Fontane di Piazza San Pietro are two fountains in St. Peter's Square in Vatican City, created by Carlo Maderno (1612–1614) and Gian Lorenzo Bernini (1667–1677) to ornament the square in front of St. Peter's Basilica. The older fountain, by Maderno, is on the north side of the square.
The Maderno fountain on the north side of the square is located on the site of an earlier fountain, built in 1490 during the time of Pope Innocent VIII. It was reputed to be the finest fountain in Rome.

Photo by Fadzil Hisham
For half a century, the square was decorated with the Maderno fountain and with the obelisk raised by Pope Sixtus V, but the southern part of the square remained empty. In 1667, Pope Clement X commissioned Gian Lorenzo Bernini to build a second fountain, which closely followed the design of the Maderno fountain. The Bernini fountain was completed in 1677.

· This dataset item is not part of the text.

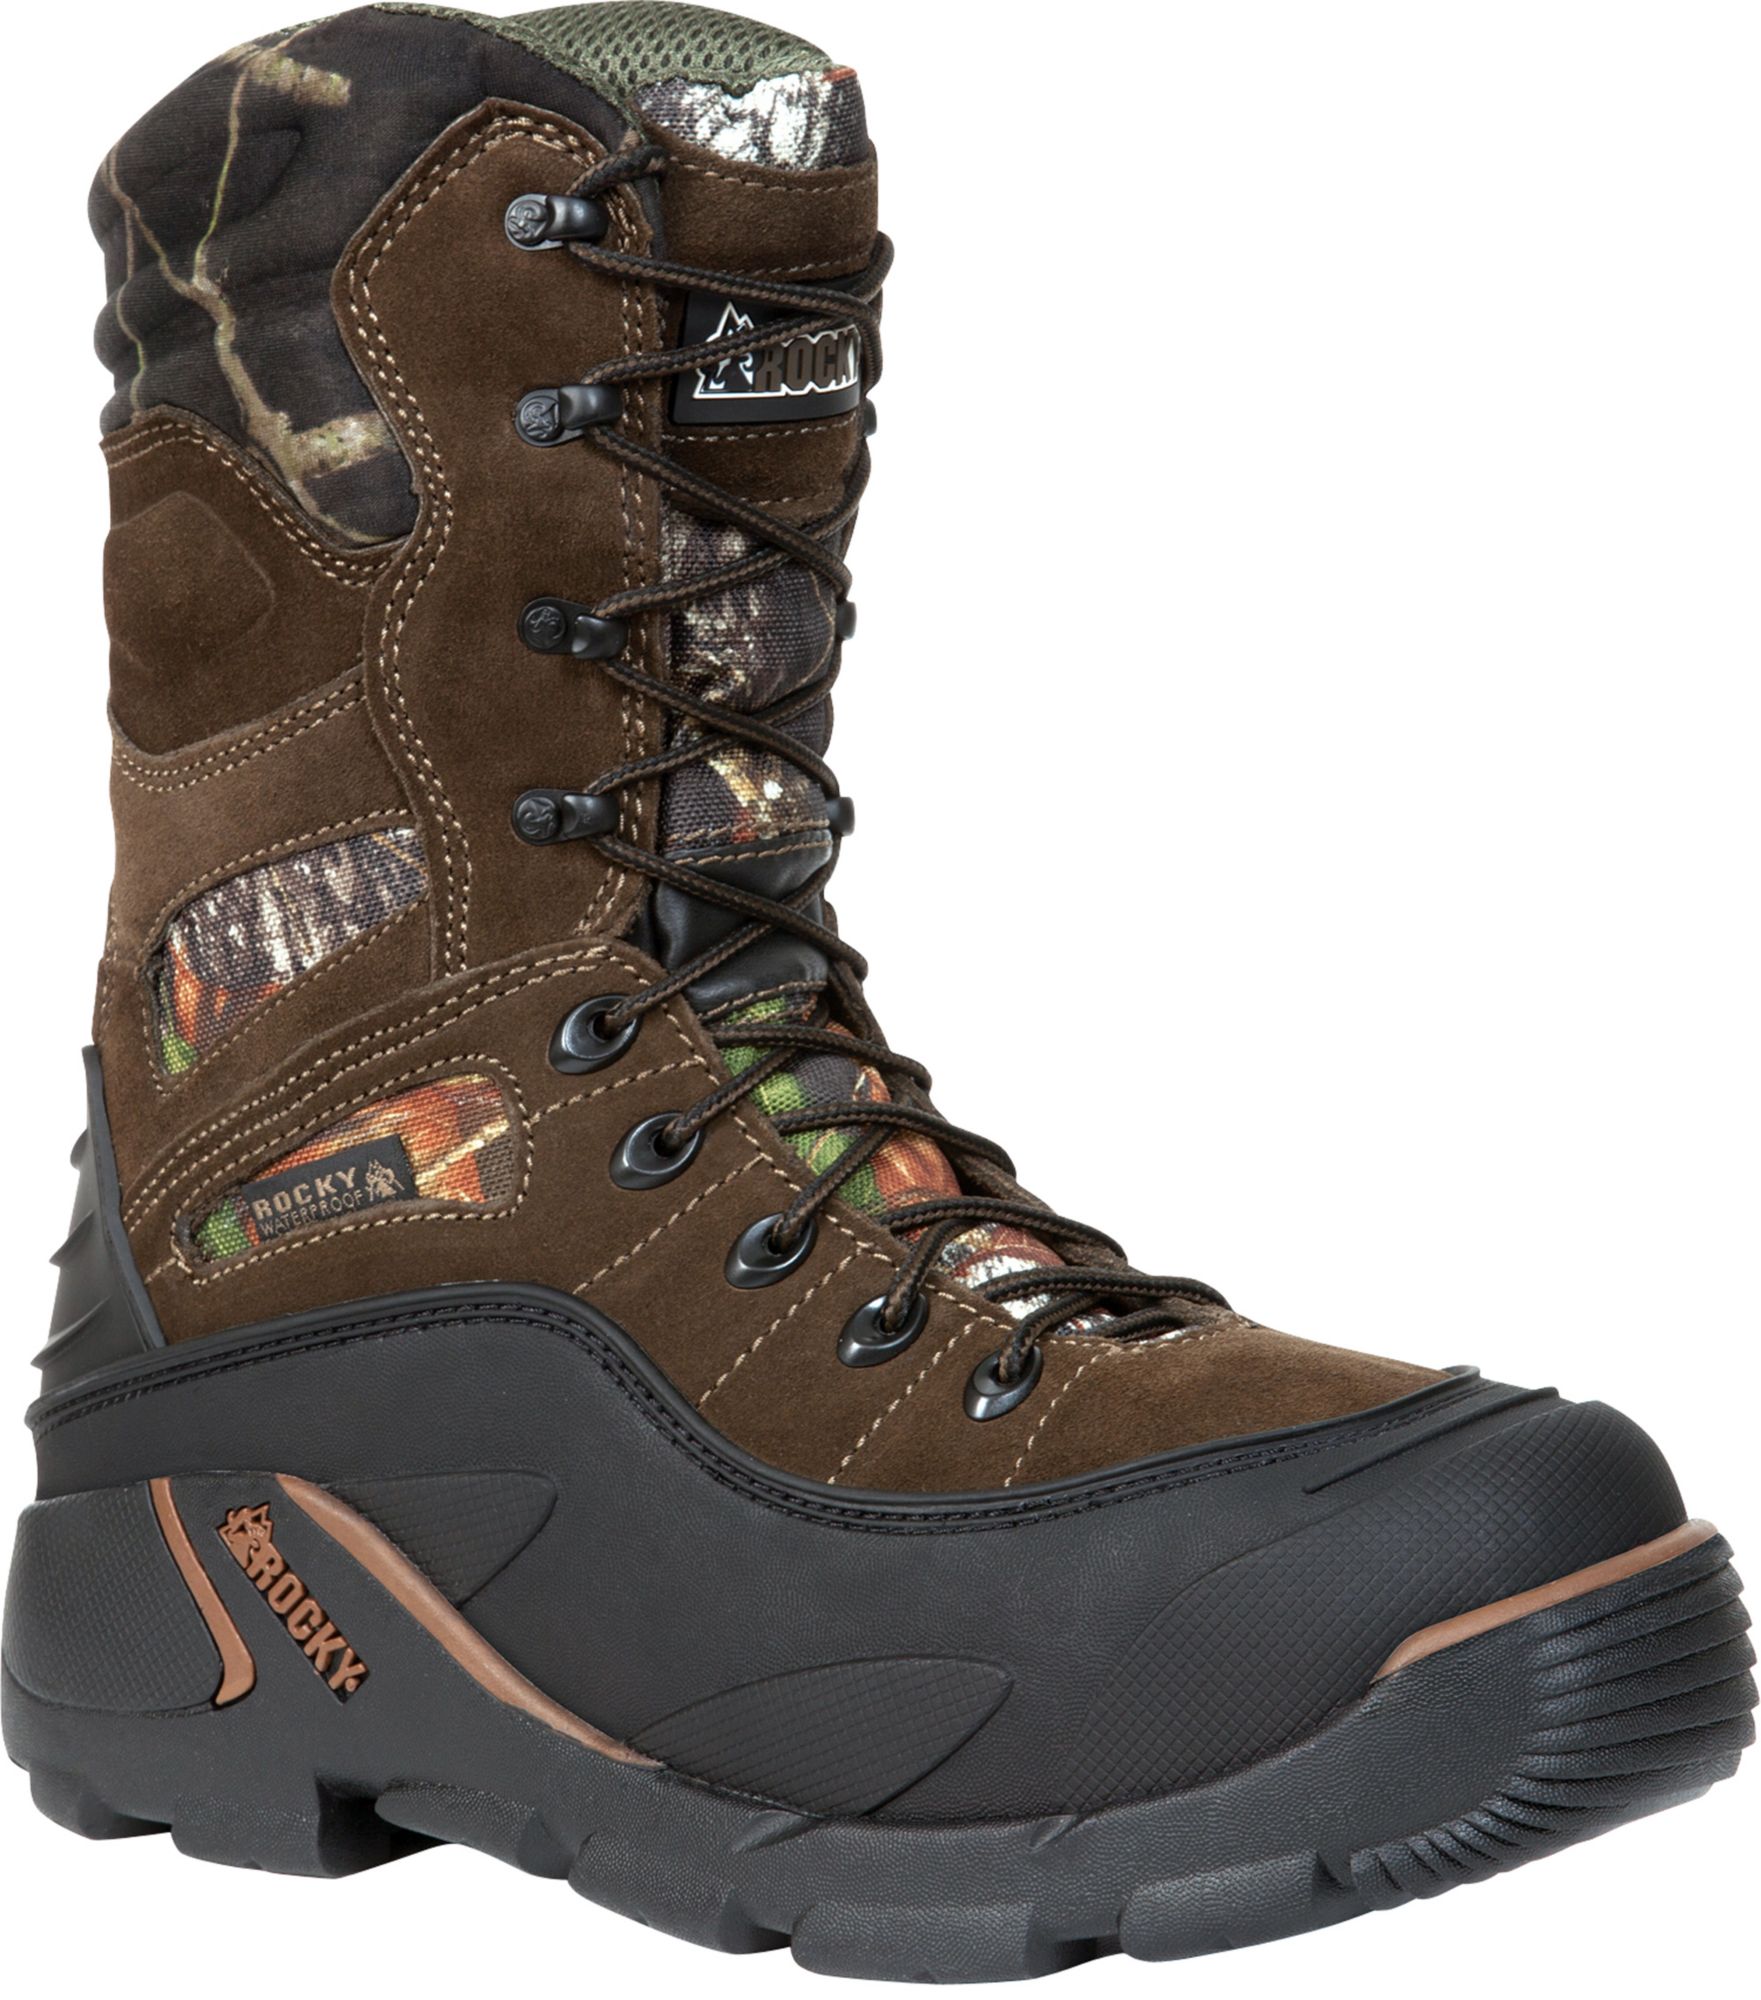 rocky snow stalker extreme boots

Like all fountains of the time, the fountain on St. Peter's Square had no pumps and operated purely by gravity, with a source of water higher than the fountain which caused the water to shoot upwards. The source of water for the fountain, the Aqua Paola, was on the Janiculum hill, 266 above sea level, which meant that the fountain could shoot water twenty feet upwards into the air.